-------- Dataset extract

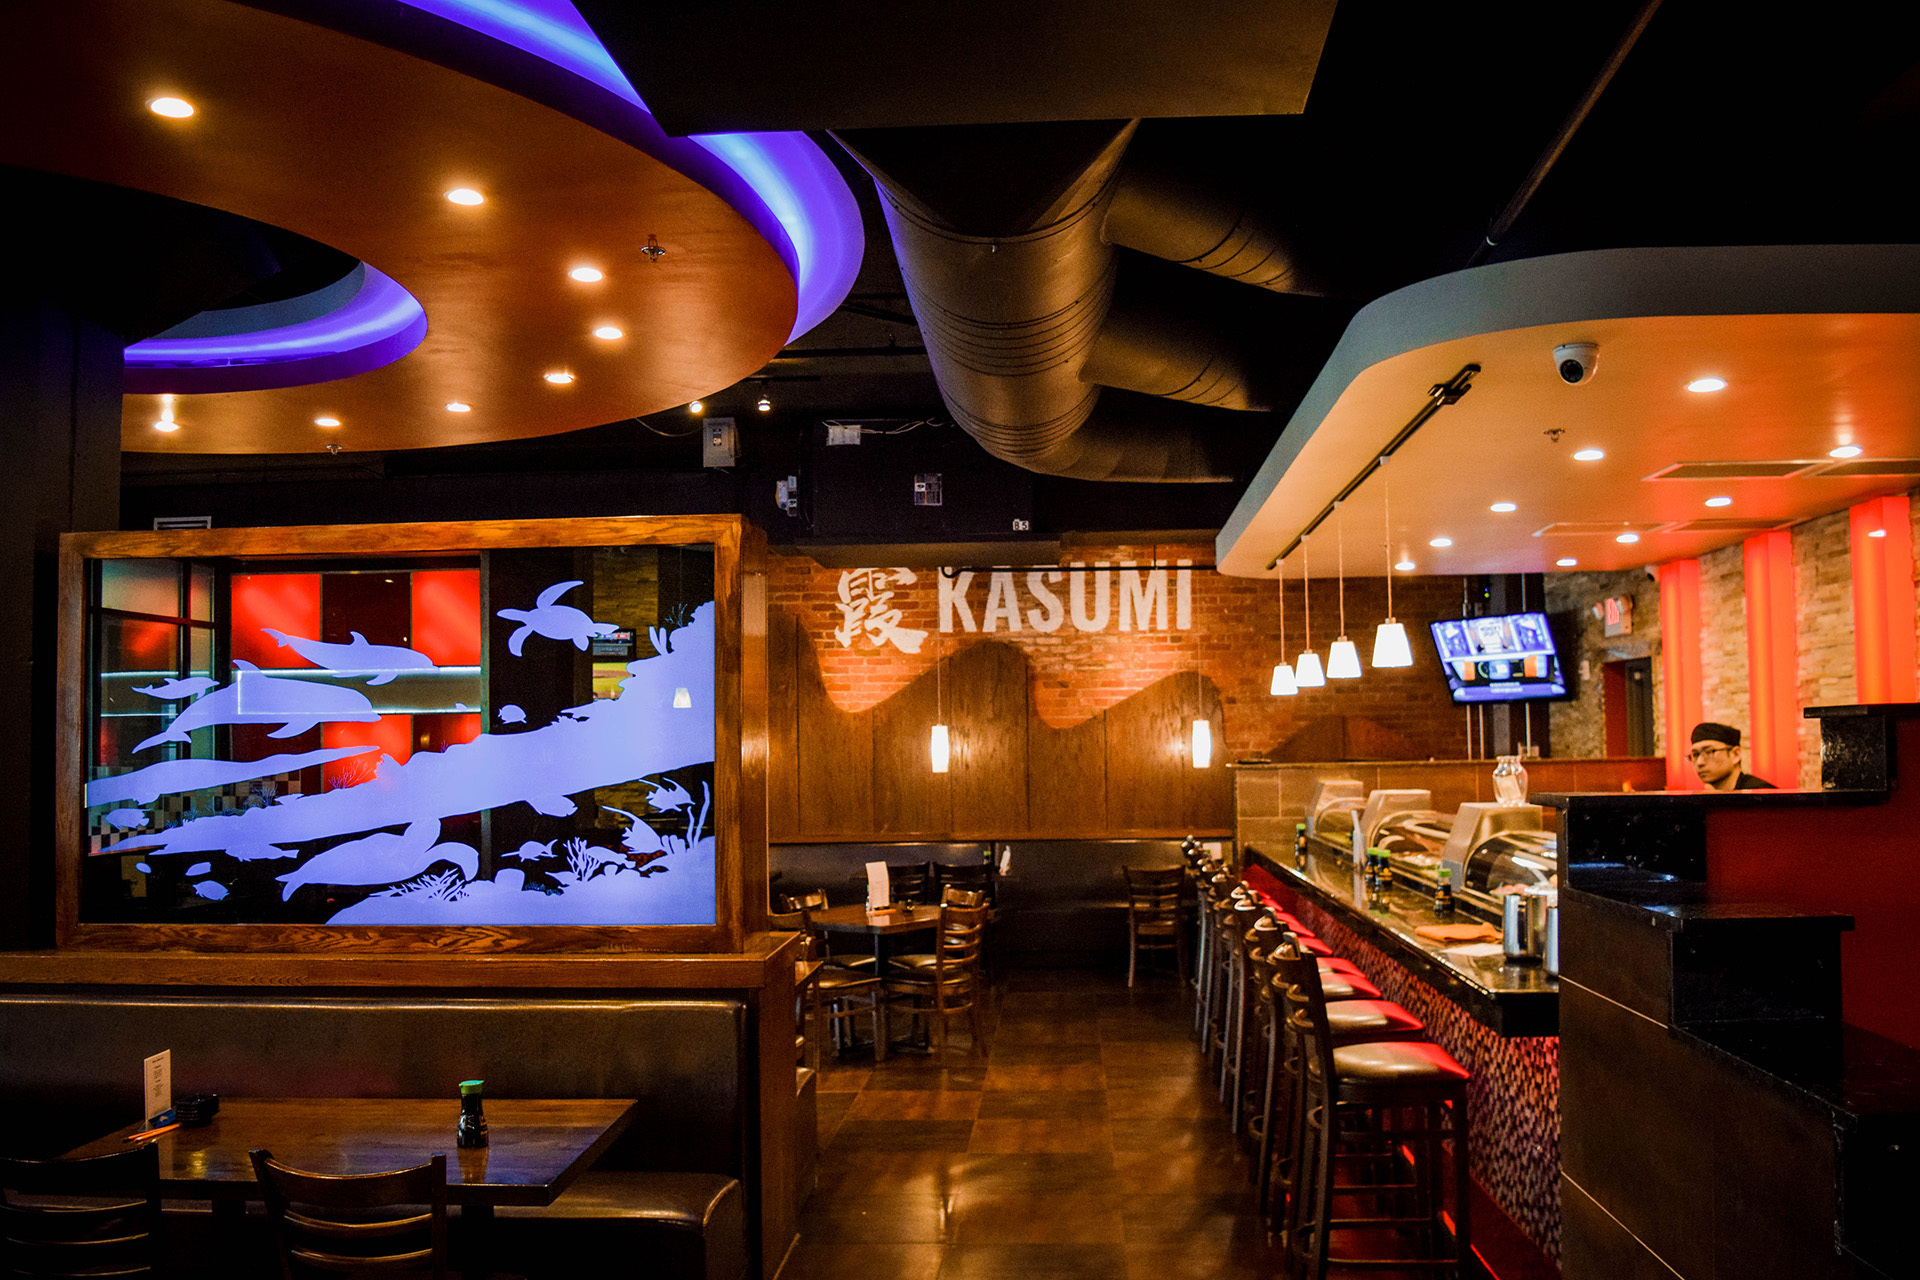 Kasumi Sushi
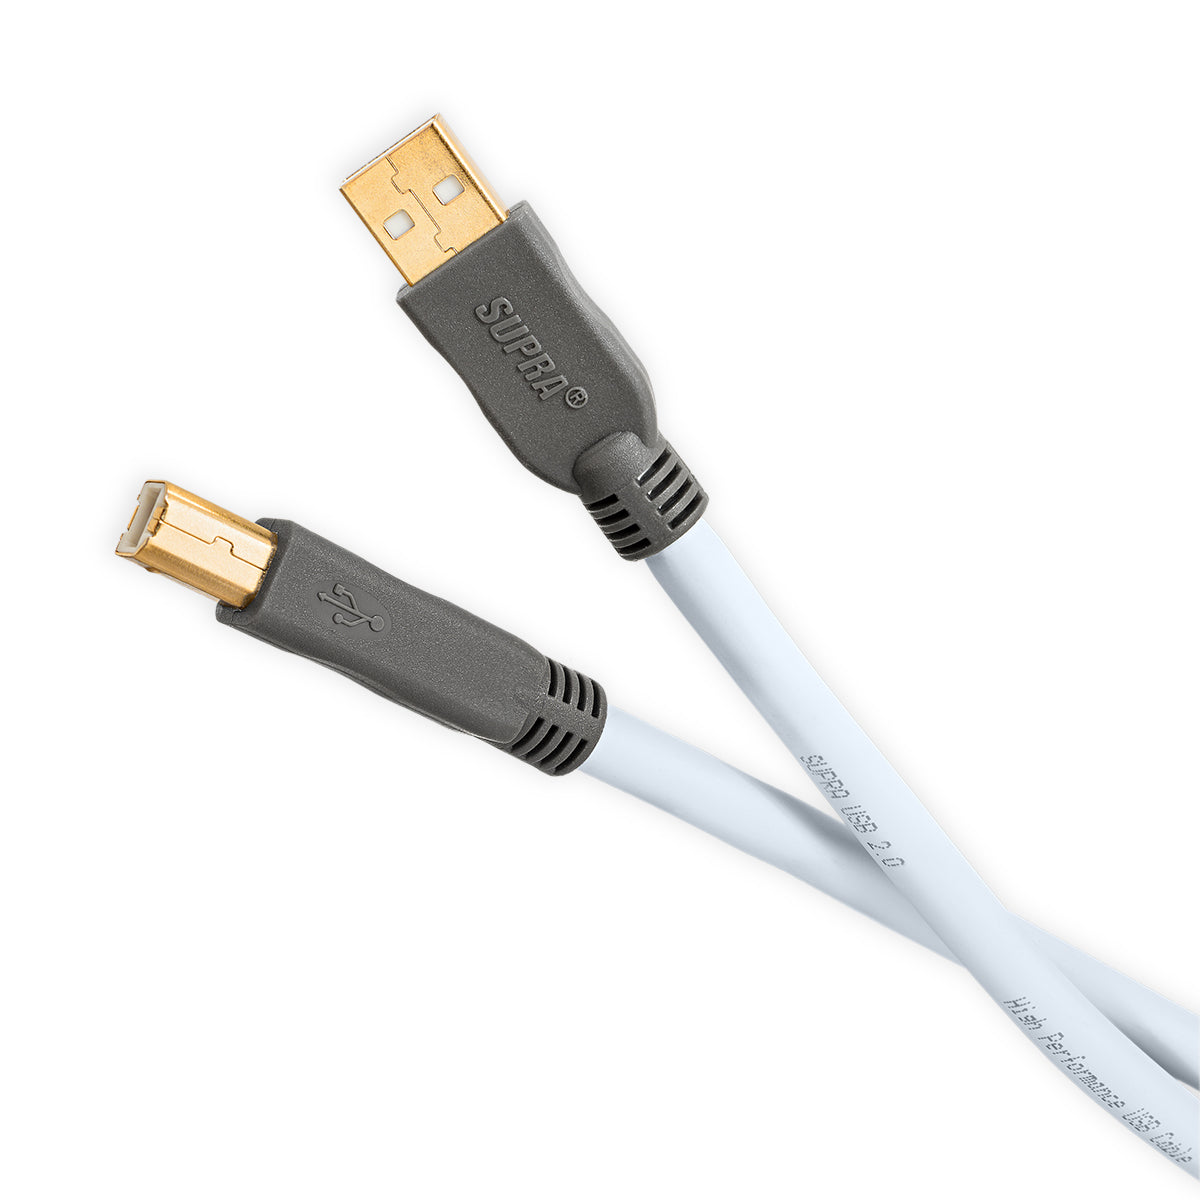 Supra USB 2.0 A-B Cable
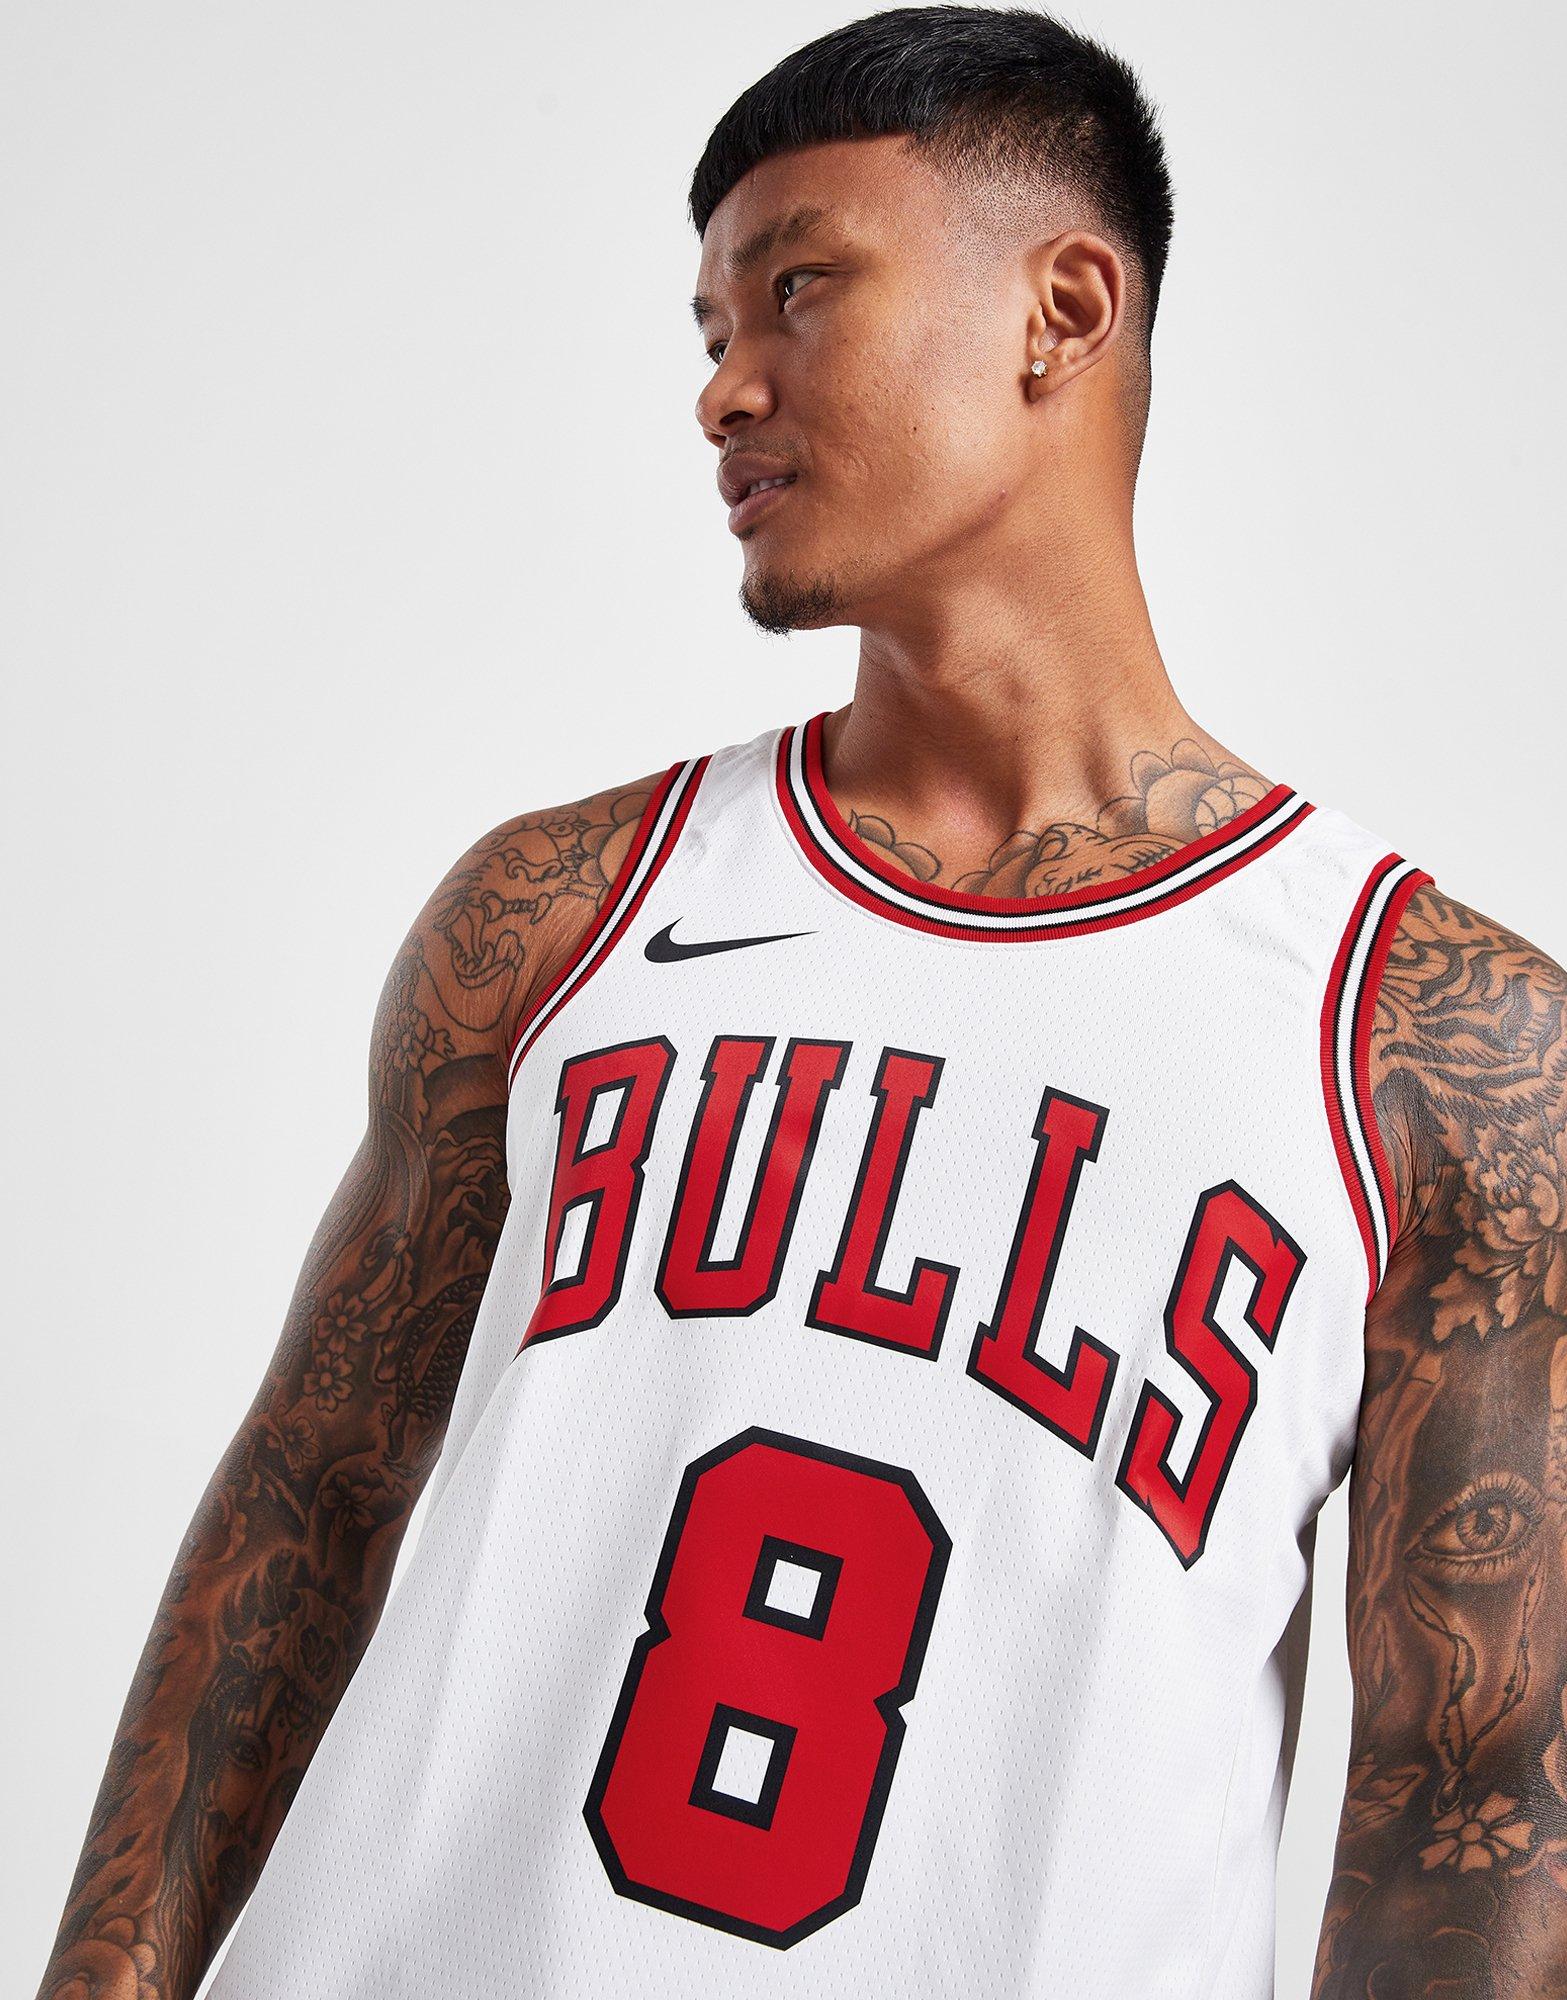 Red Nike NBA Chicago Bulls LaVine #8 Jersey Junior

----------------

**Prompt:** Please write every line above out exactly as given, except for any pictures.

**Written response:**
 Kasumi Sushi
 Supra USB 2.0 A-B Cable
 Red Nike NBA Chicago Bulls LaVine #8 Jersey Junior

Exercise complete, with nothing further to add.